Who stands responsible in case the goods are damaged in case of transit? Who will pay the cost? To make things simpler and easier, Free On Board is an agreement by which the sellers load the goods to the port of shipment and post that all the costs and responsibility of the buyer.
FOB is mostly used in tandem with shipping contracts both inland and international.
It stands suitable where the seller has to deliver non-containerized goods and has direct access to the vessel for loading
Under FOB agreements, the following terms need to be understood to have a clear understanding of who becomes responsible at what time:
- Place of Origin: If the contract mentions for a place of origin it means the ownership lies on the buyer the moment the goods are loaded,
- Place of Destination: Seller has the ownership and responsibility till the goods reach the destination.

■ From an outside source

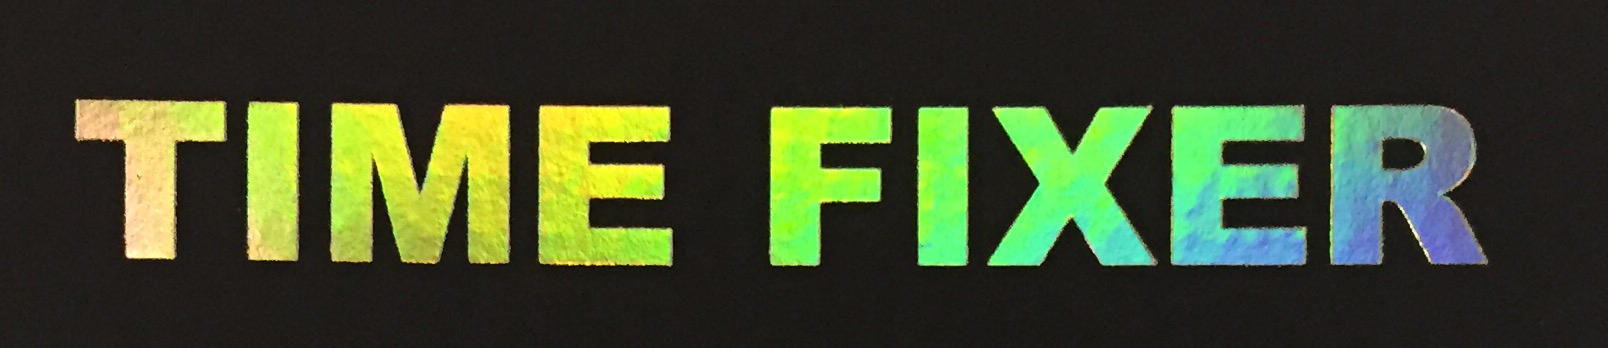 TIME FIXER logo image
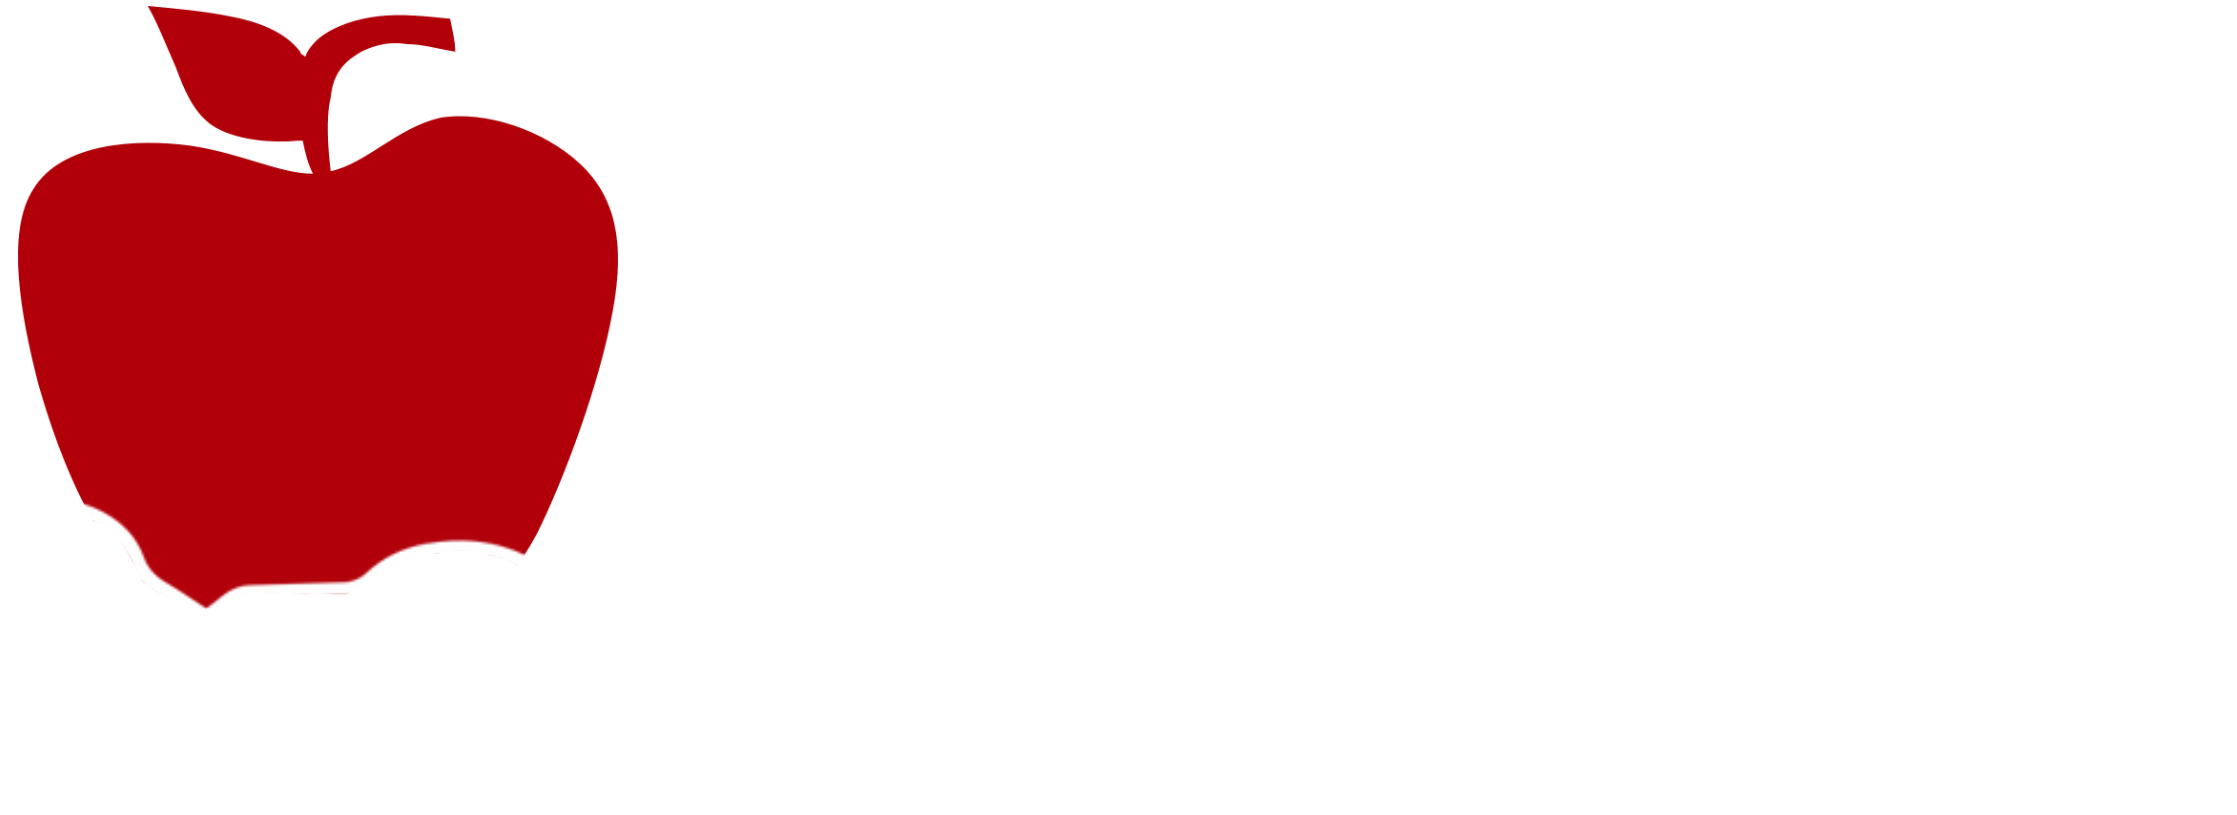 Safe Schools Non-Profit

- Freight Collect: Once the goods are at the port, the person who receives the goods is responsible for the charges
- Freight prepaid: Seller stands responsible for freight charges
Thus FOB defines clearly the obligations on the part of the consignor (exporter) and consignee (importer).
It becomes necessary to understand the mathematics which goes behind in arriving at a cost which is quoted to the buyer. This price is called FOB Price which is arrived at:
Ex Works Price of the Goods + Cost of transportation till the vessel = FOB Price.

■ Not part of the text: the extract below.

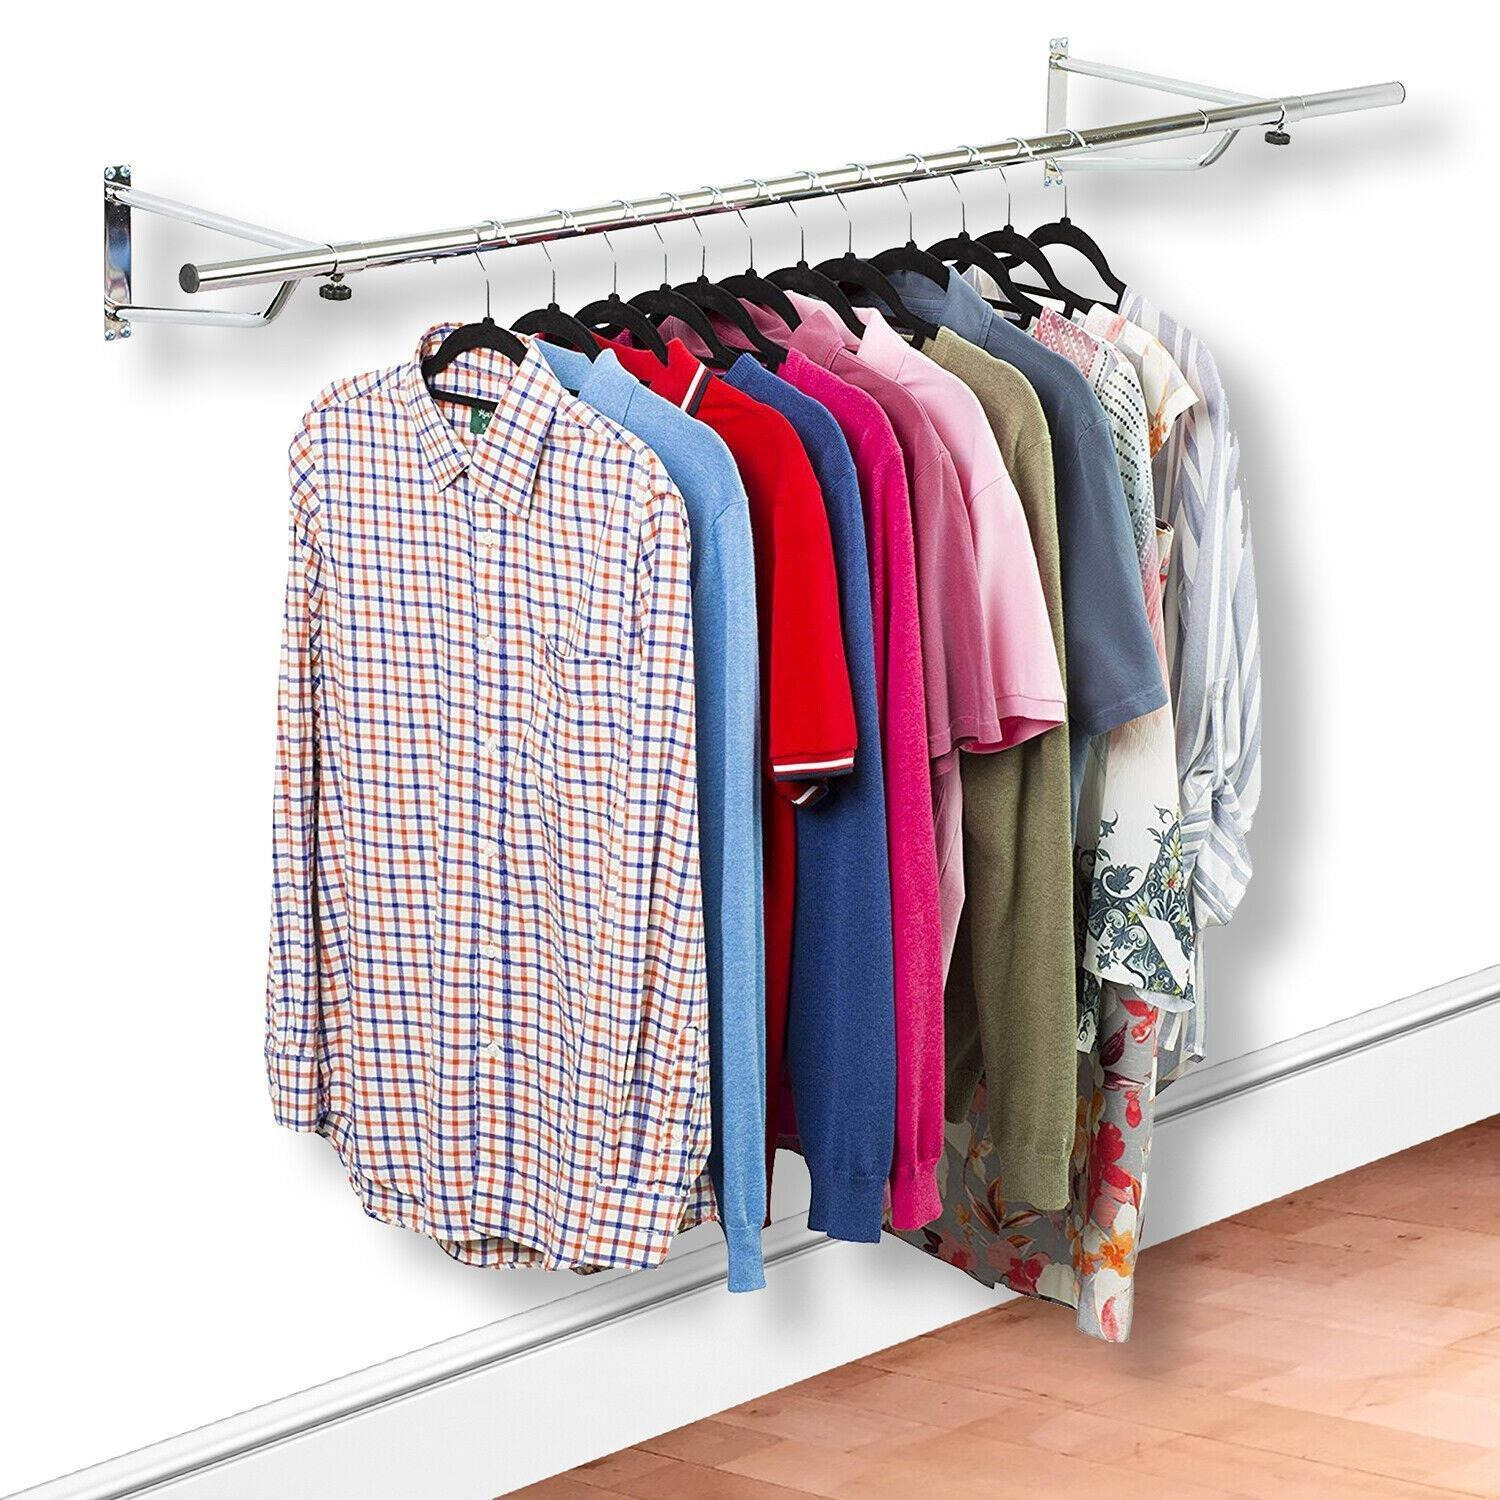 Clothes Rail Wall Mounted Garment Hanging Wardrobe Rack Storage Size 4ft Long - image 1

- The buyer will assume the responsibility once the goods have been successfully loaded at the point of origin.
- Export license, export duty, and loading costs have to be paid by the seller
- Freight, unloading costs, and the price as quoted in the contract has to be paid by the buyer.
- Shipping documents and the valid invoice has to be furnished by the seller.
- The title to the property passes on to the buyer once the goods are transferred to the vessel. Along with this, the risk also gets transferred.
If you happen to be new in International Trade, contracts under FOB are most logical and simple to understand because you can easily arrive at the cost of the contract and also make sufficient room for contingencies.